Am Ausgang der Hölle
Bei Daisy Chainsaw knapp entkommen, macht Katrina J. Garside als Queen Adreena weiter
Heute stellt sie einfach keine Fragen mehr. Nicht sich und auch nicht mehr der Welt und vor allem nie wieder wie damals. In die Berge ist sie geflohen vor sieben Jahren, Hals über Kopf, und hat in klarer Luft nach Antworten geschrien und gewinselt. Warum Daisy Chainsaw, diese verfluchte und wunderbare Band sie in die Selbstzerstörung trieb und wo der Ausgang der Hölle sei. „Heute weiß ich, dass es keine Antworten gibt. Dass ich mich gehen lassen muss und nicht an Fragen denken darf, damit es mir wenigstens manchmal einigermaßen geht. Ich habe nichts mehr zu verlieren, ich bin transparent, wie Luft, niemand kann mich noch verletzen.“ Dann lacht Katrina Jane Garside kurz und schrill, trinkt einen Kübel Wasser wie der Säufer seinen Schnaps, zupft sich an ihrem Kleid, rauft sich die Haare, verschmiert ihren Lippenstift, lächelt wie Lolita on dope und klemmt sich dann die Hände zwischen die Beine.

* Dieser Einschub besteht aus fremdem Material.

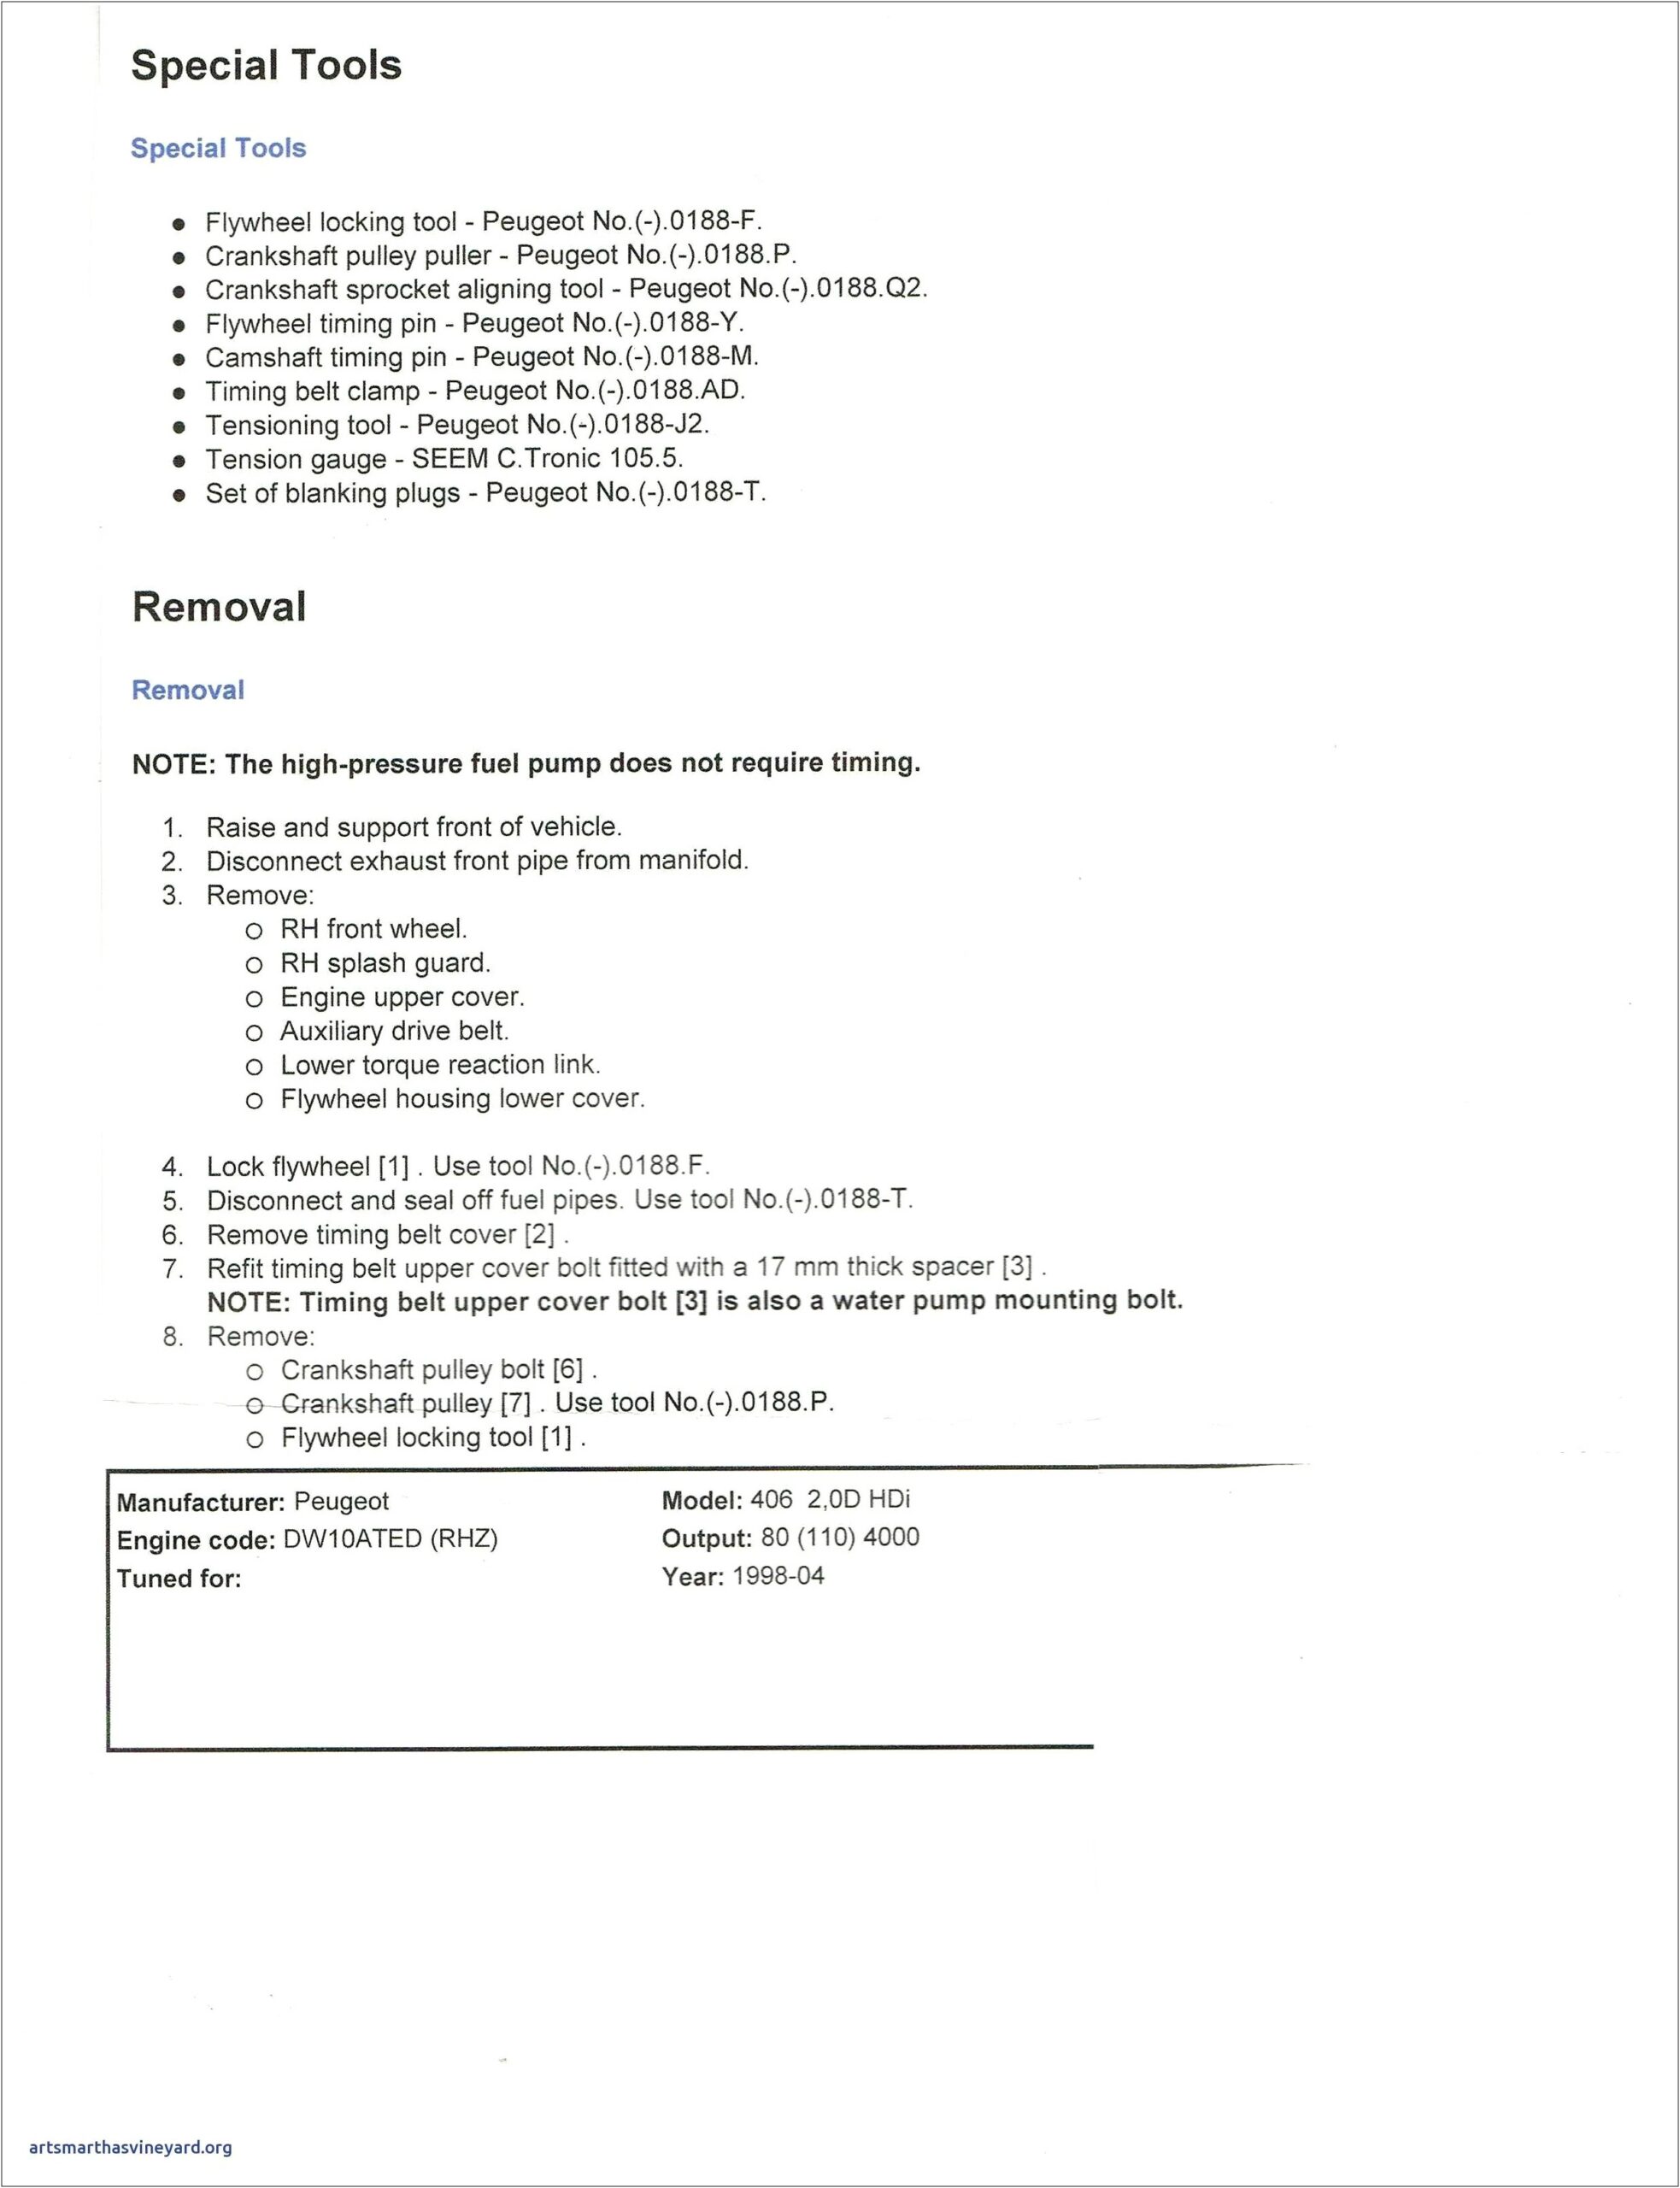 Blank Resume Format Free Download

Doch wehe, wenn sie losgelassen. Dann ist kein Mitleid mehr, nicht mit ihr und erst recht nicht mit den Zuhörern. Dann ist sie Queen Adreena, dirigiert ihren Hofstaat und gerät dabei selbst außer Kontrolle. Windet sich im gedichteten Elend und im hämmernden Lärm, macht uns erst gierige Blicke und streut gleich Salz in unsere Augen.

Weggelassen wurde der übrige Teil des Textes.